ASTEX: An automatic speculative thread extraction technique for hybrid multicore architectures

http://www.irisa.fr/caps/projects/Astex

 

Astex is at Supercomputing 07, Have a demo on Inria booth 2433

download this page

ASTEX[1] is a prototype tool to partition C codes between general purpose cores and hardware accelerators (GPU, FPGA, coprocessor, ...). The input of the tool is a runable application. Using runtime data, ASTEX extracts part of the code and provides speculative information on data structure accesses. HMPPTM directives[2] are used to express the partitioning in the application code. The code to be executed on the hardware accelerator is set up as HMPPTM codelets. A codelet is a compute intensive function with well-defined inputs and outputs. ASTEX works in three steps: the first collects hot paths in the application, the second analyzes at run-time the memory accesses, the last step builds the codelets.

 

Hot paths collection
The hotpaths found[3] are used to determine part of the code that can potentially be transformed as codelets. This step tries to find a set of potential codelets that covers most of the execution time of the application.
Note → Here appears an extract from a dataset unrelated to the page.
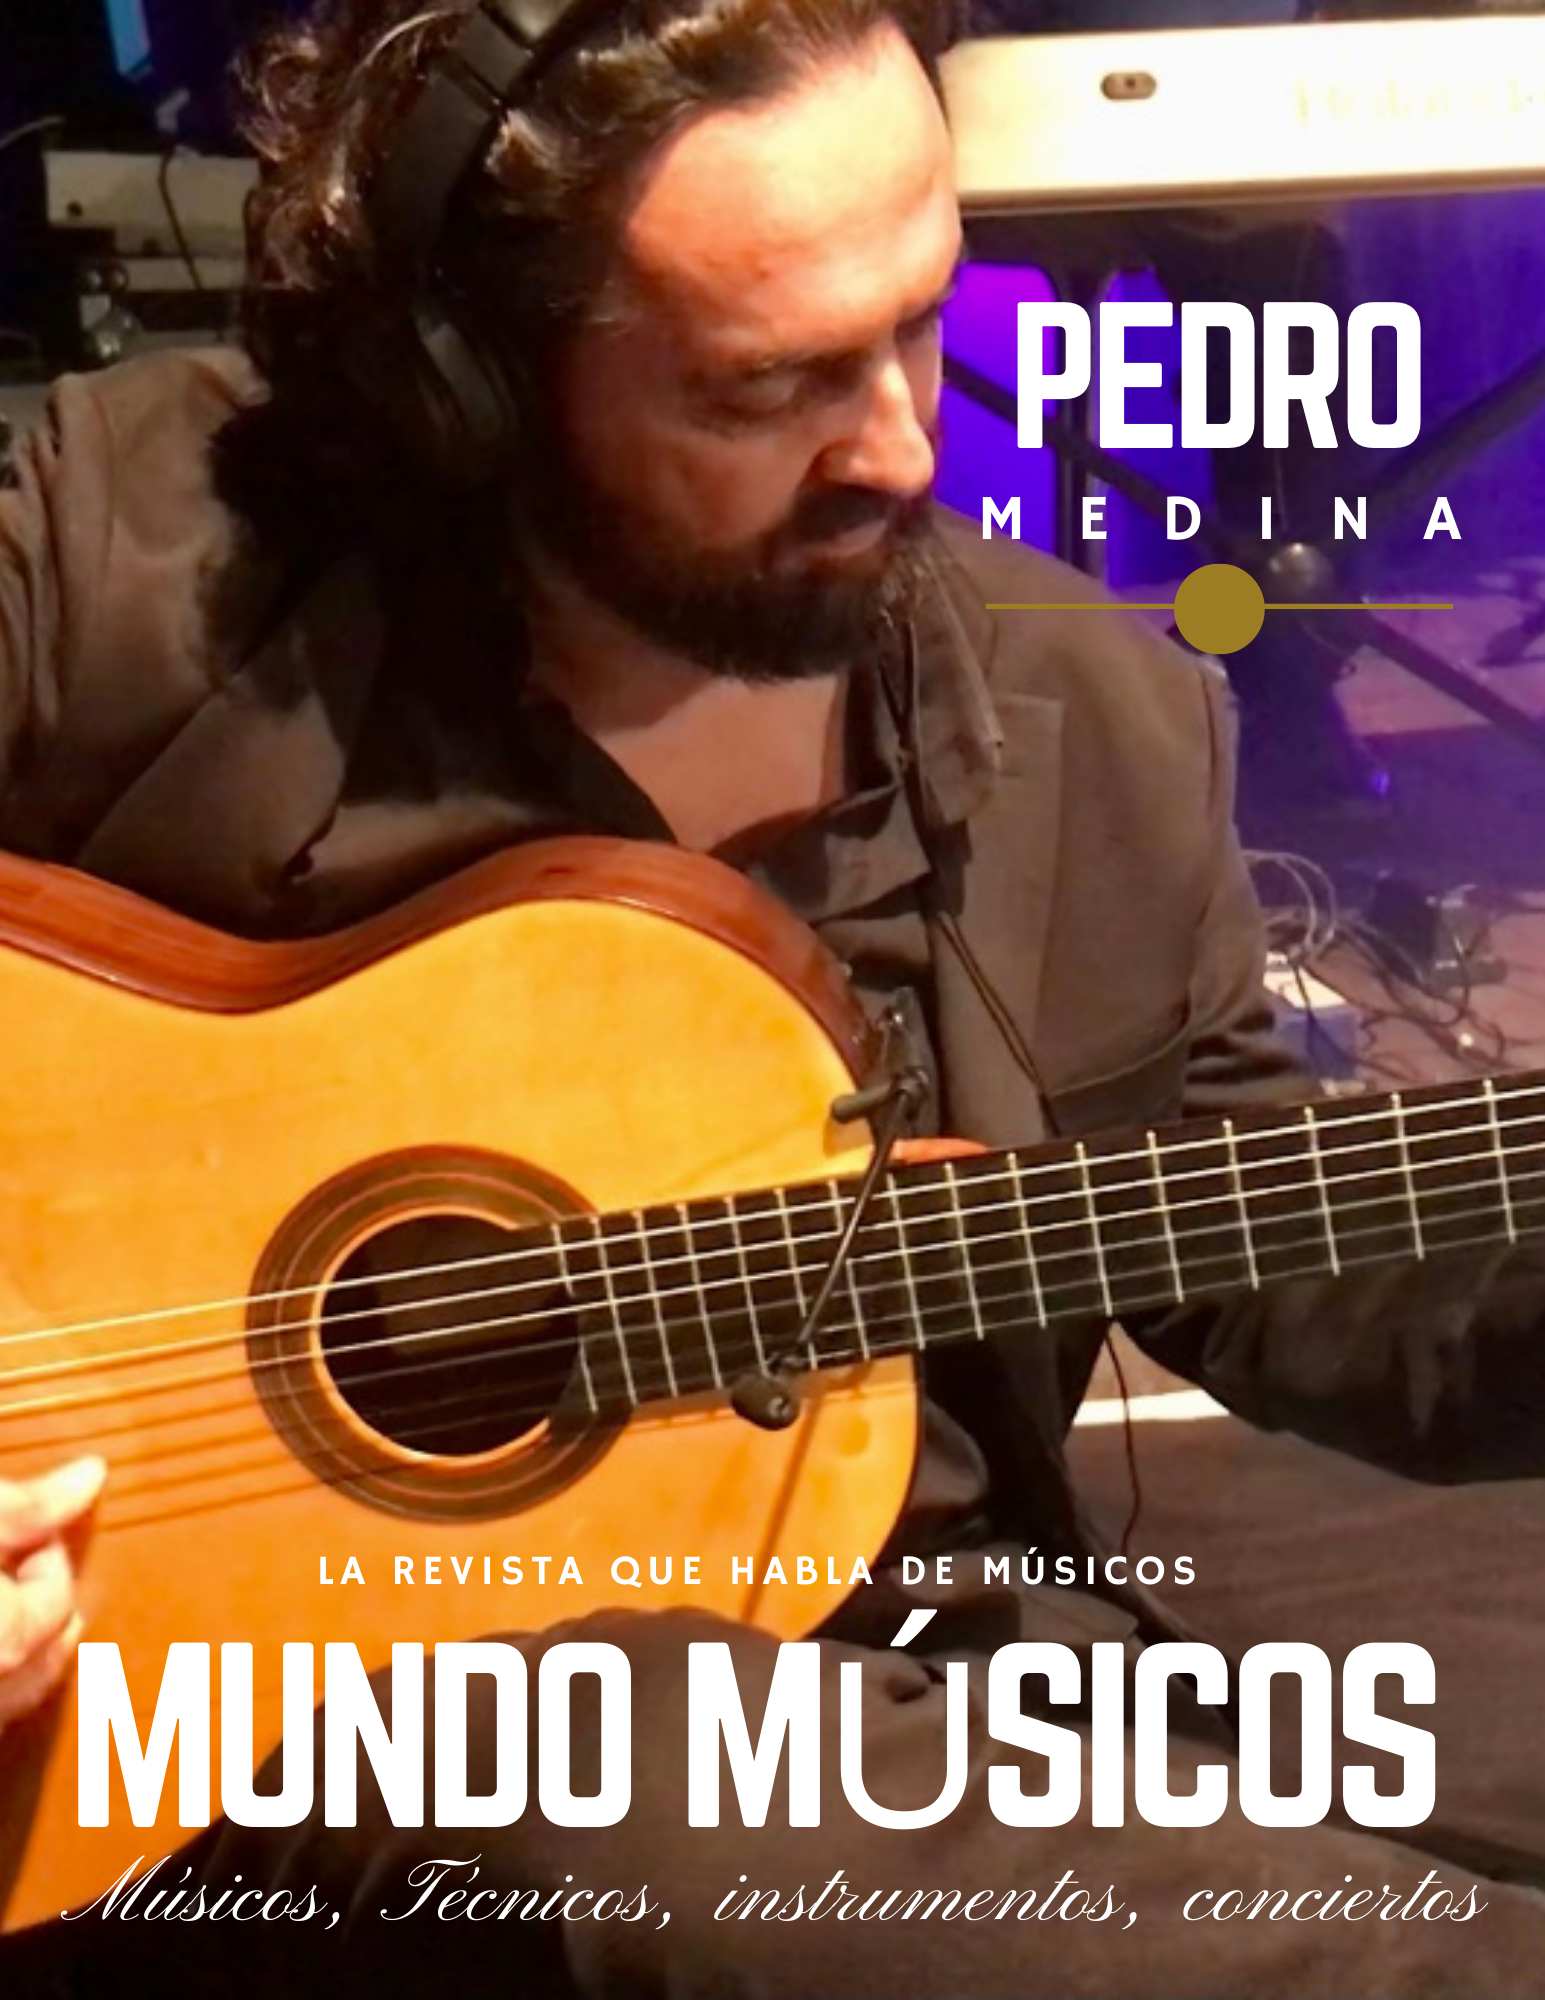 Pedro Medina guitarrista entrevista

Current implementation uses basic block frequencies stored in a compress trace.

 

Memory access runtime analysis
This dynamic phase collects data size, aliases and data structure accesses for each potential codelets.
The memory analysis provides speculative information that can then be used at the codelet level to determine data transfers between the main computing units and the accelerators. These information can be used to guard the use of the codelet. For instance, the hardware accelerator can be activated only if the data size is large enough to get speedup.

 

HMPP(TM) codelet construction
This static step transforms the application to explicitly insert the codelets into the application code. Hot paths are converted into functions and HMPPTM directives are added. The HMPP directives are used to express in and out parameters as well as other conditions to be verified at run-time.

 

References
[1] E. Petit and F. Bodin. “Extracting Threads Using Traces for System on a Chip”. In the proceedings of the Compilers for Parallel Computers (CPC 2006), A Coruna, Spain, January 2006.
[2] R. Dolbeau, S. Bihan and F. Bodin. “HMPP: A Hybrid Multi-core Parallel Programming Environment”. In the proceedings of the Workshop on General Purpose Processing on Graphics Processing Units (GPGPU 2007), Boston, Massachussets, USA, October 4th, 2007.
[3] G. Pokam and F. Bodin. “An Offline Approach for Whole-Program Paths Analysis using Suffix Arrays”. In the proceedings of the 17th International Workshop on Languages and Compilers for Parallel Computing (LCPC 2004), West Lafayette, Indiana, USA, September 2004.


This work is partially funded by ANR PARA, FAME2-Systematics and Sceptre-Minalogic projects.